This is a somewhat light module aimed at introducing a new member of the
family: datatool
We've already worked with drawtool and wordtool.
Drawtool is based on a popular Python graphing package
called Matplotlib:
Matplotlib is a powerful package for all kinds of plotting.
However, it can be difficult to understand how to use
effectively.
To simplify, we developed drawtool so that you can perform
both plotting and simple drawing.
Plotly is a recent competitor of Matplotlib:
Plotly is designed to be web-friendly, to let Python
programs have output that renders in a browser, so that websites
can display nice graphics.
Plotly has stronger support for maps (as in geographic maps)
than Matplotlib.
However, just like Matplotlib, it can be difficult to use,
especially since there are two fundamentally different kinds of maps.
Pandas is perhaps the most popular Python package
aimed at data handling and data science applications. It too takes a
while to learn.
Thus, to simplify, we have developed datatool, to
make it easy to do typical things like plotting graphs but also to
work with data files, and especially, maps.
Important: Datatool does not display via its own
GUI. Instead, datatool uses a browser, depending on whether you are
using Mac or Windows:
Mac/Linux:If
you don't have Firefox, you will need to
install
Firefox and have that running (open a tab to any webpage).

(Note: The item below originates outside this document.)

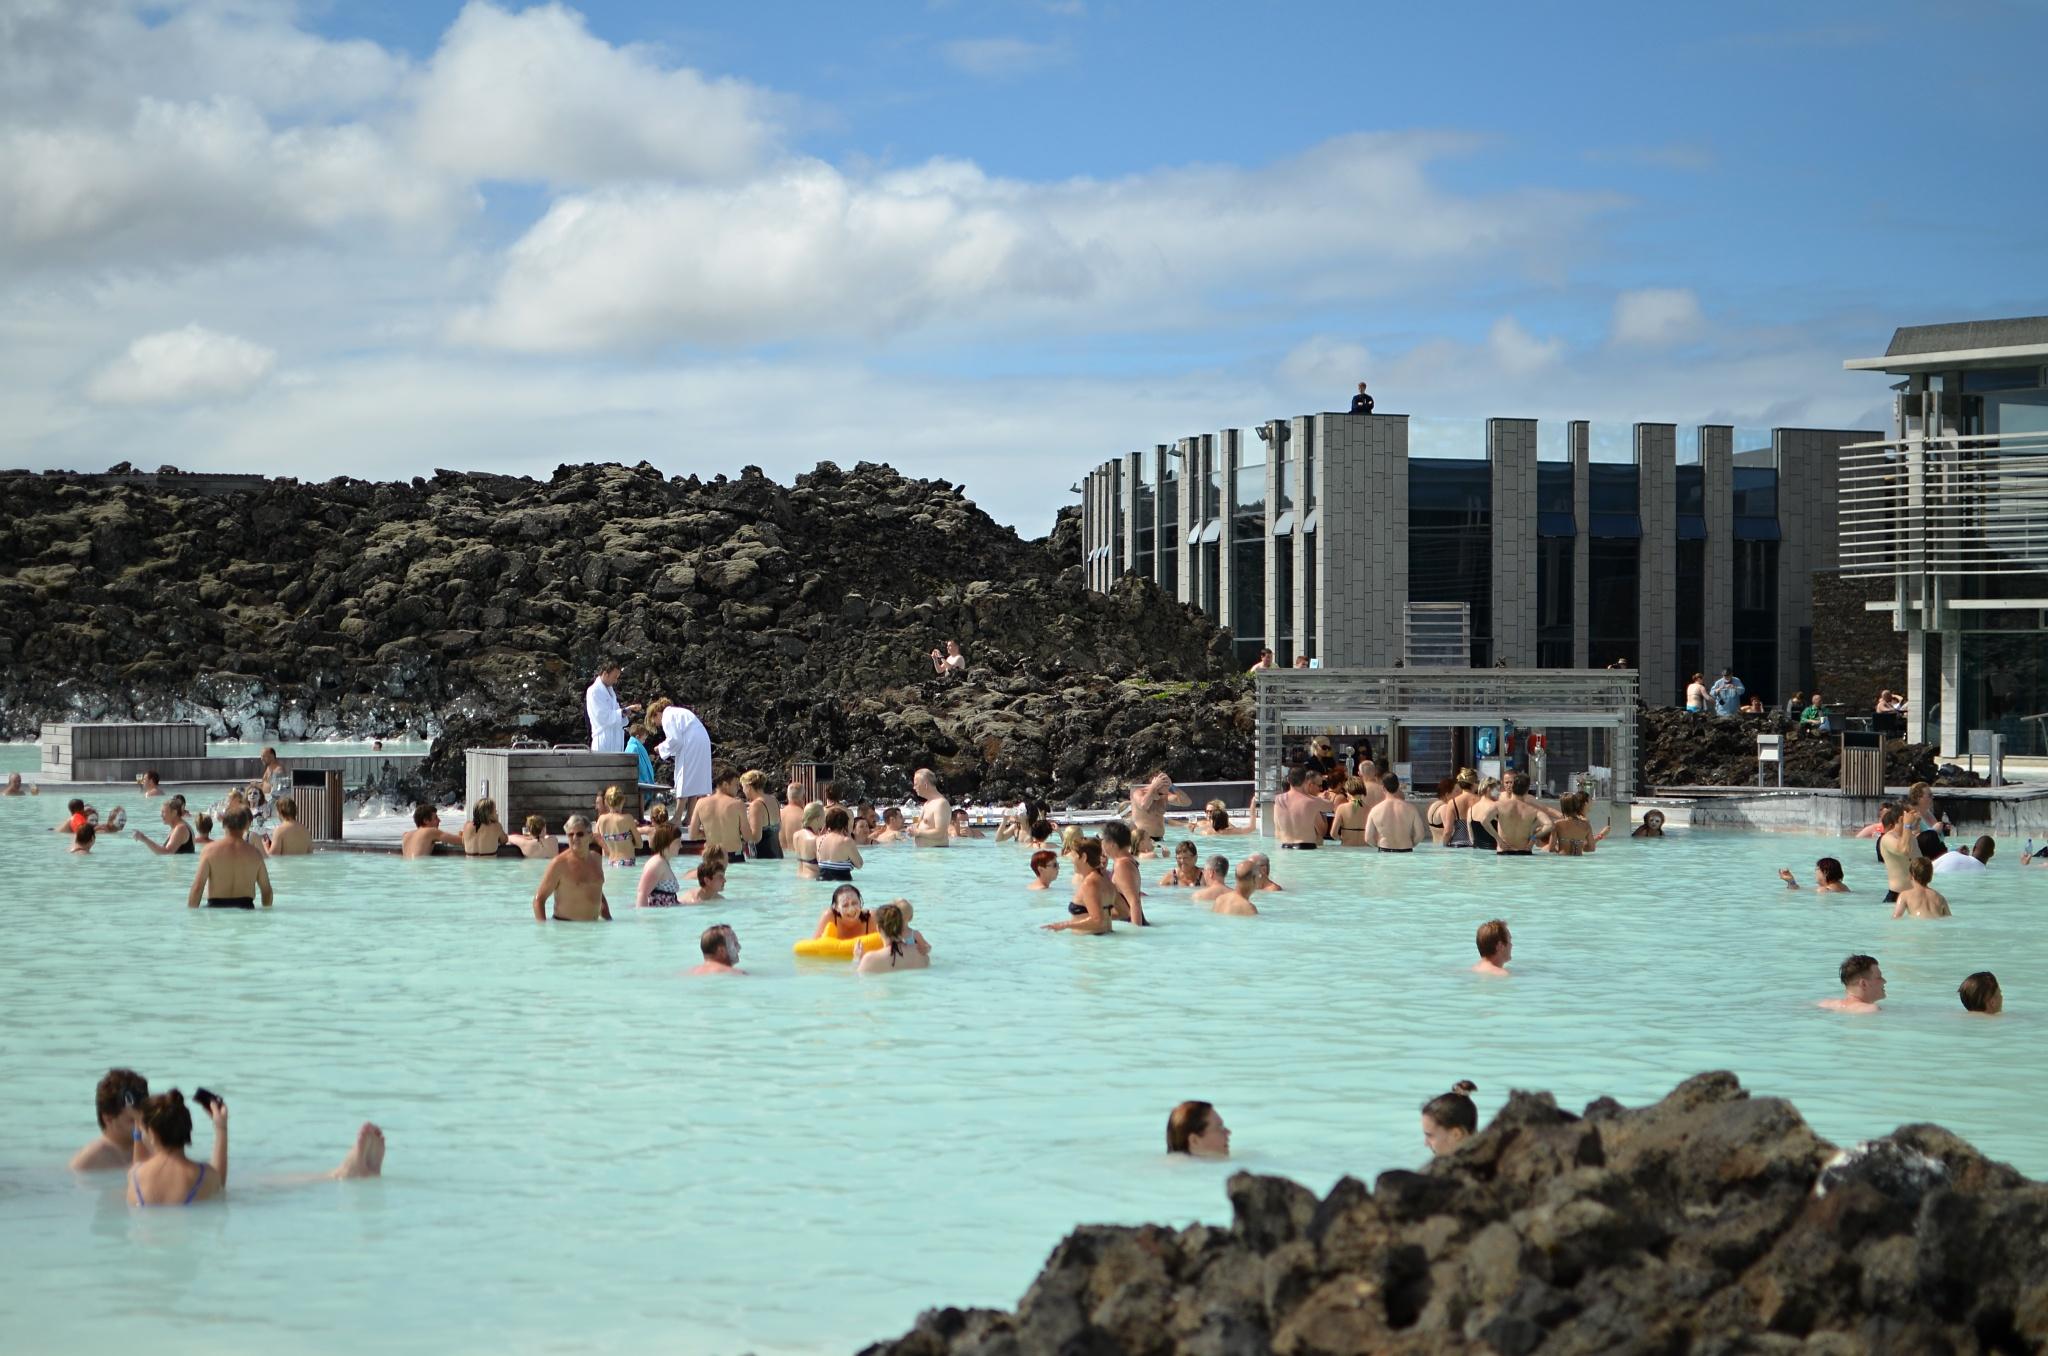 Přírodní lázně Modrá laguna na Islandu

Windows: Your default browser will do.
Also, you will need to be connected (online) because
datatool downloads map data from certain websites.
2.0 Audio:
2.0 Getting set up for datatool
If you've downloaded Anaconda as directed earlier in the course,
you should already have Pandas and Plotly installed.
Let's give this a test.
Remember: To use datatool, you must follow the separate instructions
for Mac and Windows:
Mac users: you need to have Firefox running
and open to any page, such as this one.
If this did NOT work, then you will need to
install Pandas and Plotly via
Anaconda and use Spyder (instead of Thonny).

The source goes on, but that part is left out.